For example, cyclitest measures ~400us latency spikes when a non-RT
usermode application communicates with an SPI-based TPM chip (Intel Atom
E3940 system, PREEMPT_RT kernel). The spikes are caused by a
stalling ioread8() operation following a sequence of 30+ iowrite8()s to
the same address. I believe this happens because the write sequence is
buffered (in CPU or somewhere along the bus), and gets flushed on the
first LOAD instruction (ioread*()) that follows.

The enclosed change appears to fix this issue: read the TPM chip's
access register (status code) after every iowrite*() operation to
amortize the cost of flushing data to chip across multiple instructions.
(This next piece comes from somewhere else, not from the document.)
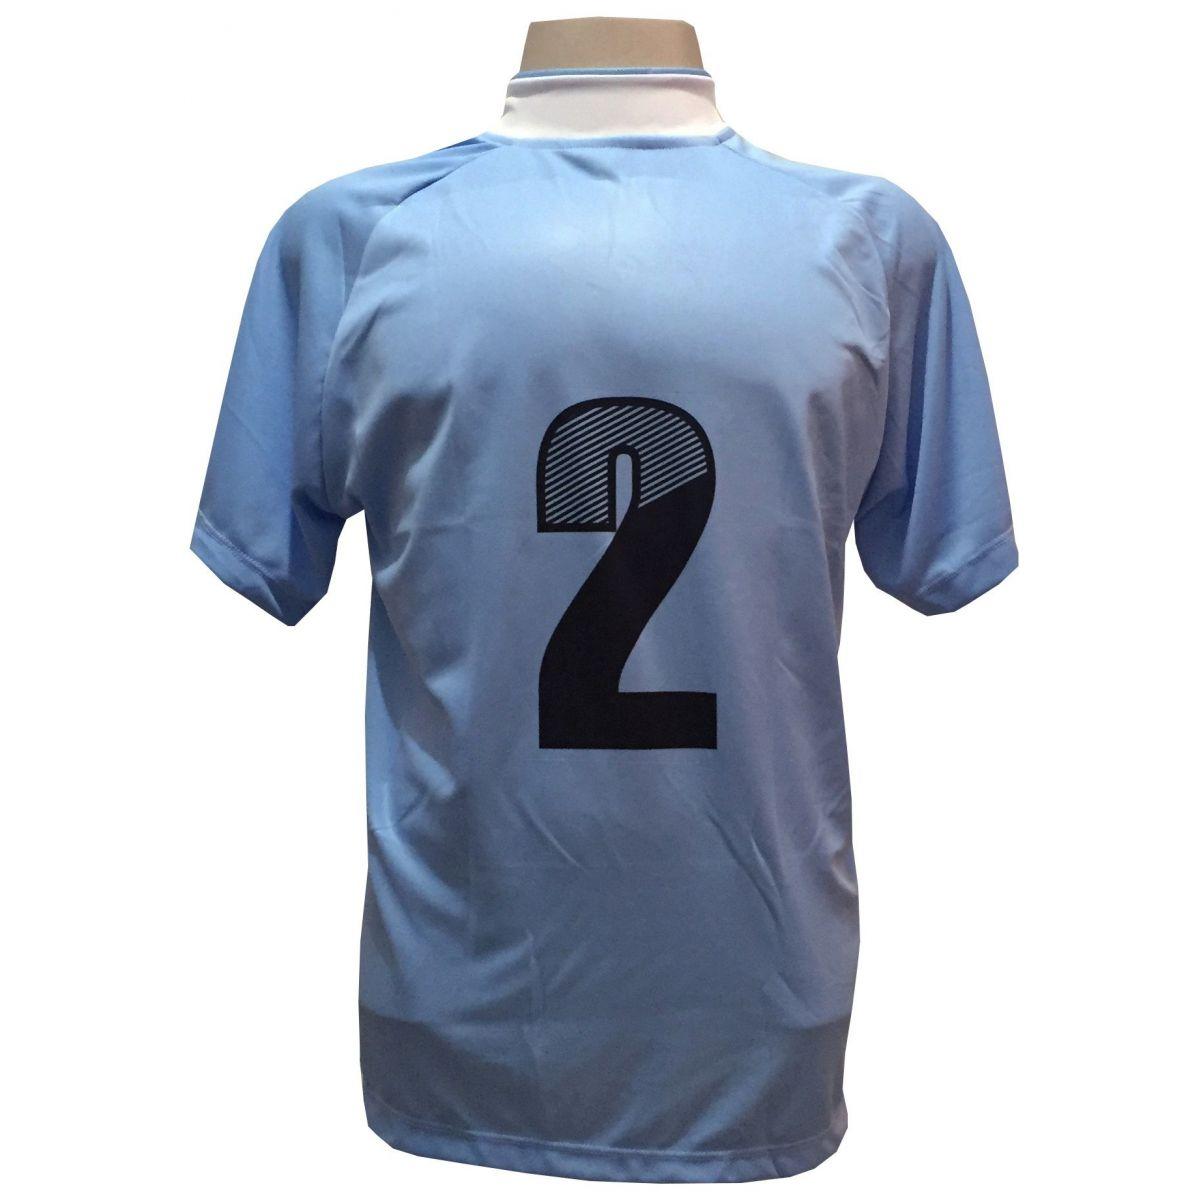 Uniforme Esportivo com 12 camisas modelo Milan Celeste/Branco + 12 calções modelo Copa Preto/Branco + Brindes
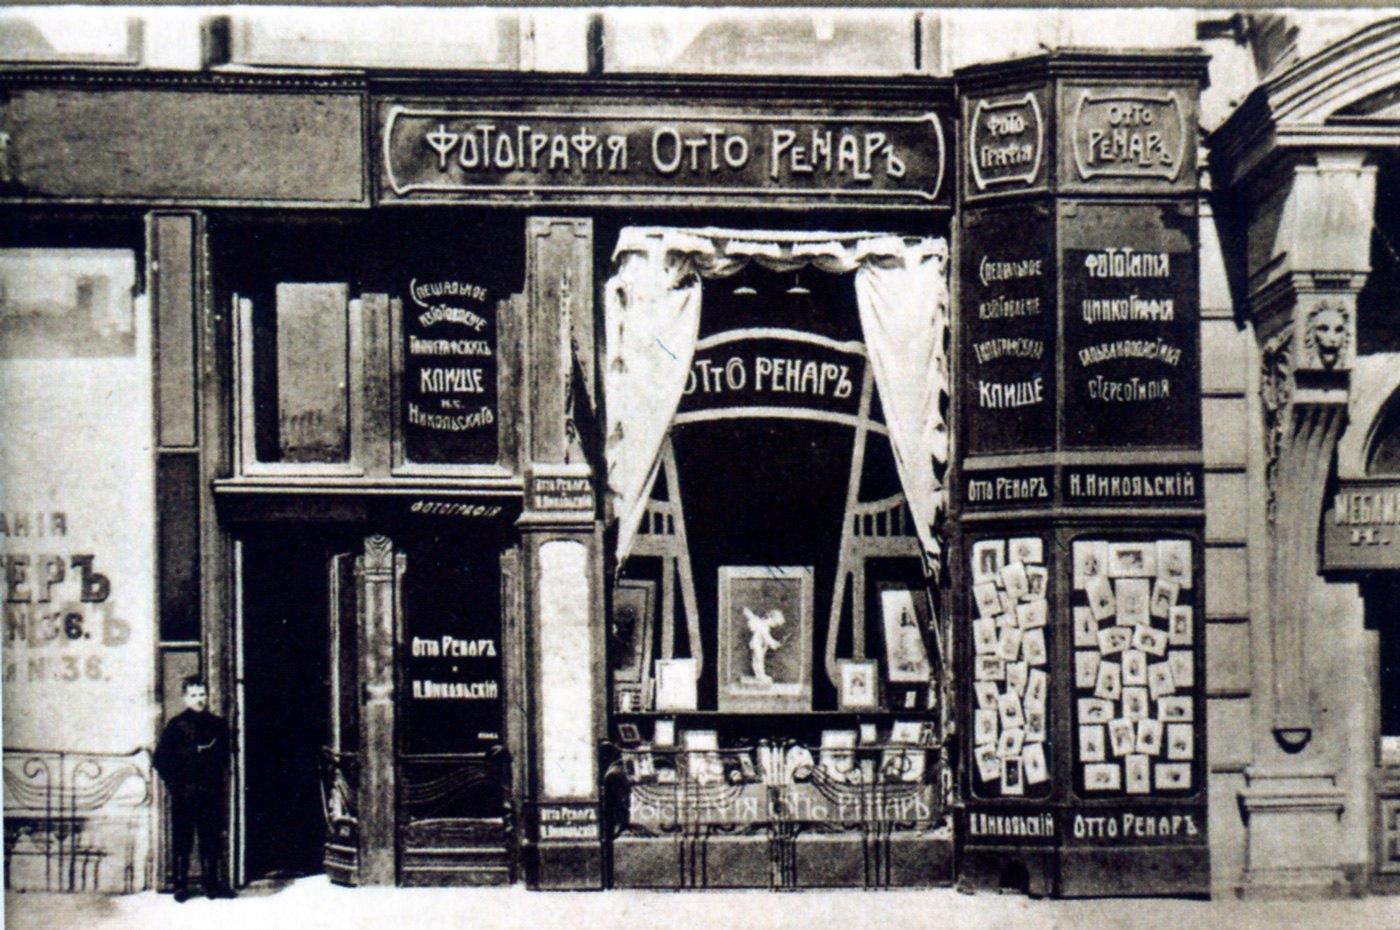 1902. Тверская. Ателье Ренара

Signed-off-by: Haris Okanovic <haris.okanovic@xxxxxx>
Link: https://lore.kernel.org/r/20230323153436.B2SATnZV@xxxxxxxxxxxxx
Signed-off-by: Sebastian Andrzej Siewior <bigeasy@xxxxxxxxxxxxx>
---
v1…v2:
  - Updated/ added comments as per Jarkko Sakkinen.

On 2023-03-30 03:25:34 [+0300], Jarkko Sakkinen wrote:
…
> I would replace this with:
> 
> /*
>  * Flush previous write operations with a dummy read operation to the 
>  * TPM MMIO base address.
>  */
> 
>  I think rest of the reasoning would be better place to the functions,
>  which are call sites for this helper, and here it would be make more
>  sense to explain what it actually does.
…
> 
> Thanks for catching this up. It is a small code change but I think that it
> would deserve just a bit more documentation, as it would make sure that the
> reasoning you gave is taken into account in the future code reviews.
> 
> I think that if you append what I suggested above (you can use your
> judgement and edit as you will), it should be sufficient.

Did as asked. However, it is a bit misleading given that the comment
above tpm_tis_iowrite*() describes the flush behaviour which is
conditional on CONFIG_PREEMPT_RT. Do you want this flush unconditionally
or you fine the way it is?

 drivers/char/tpm/tpm_tis.c |   43 +++++++++++++++++++++++++++++++++++++++++--
 1 file changed, 41 insertions(+), 2 deletions(-)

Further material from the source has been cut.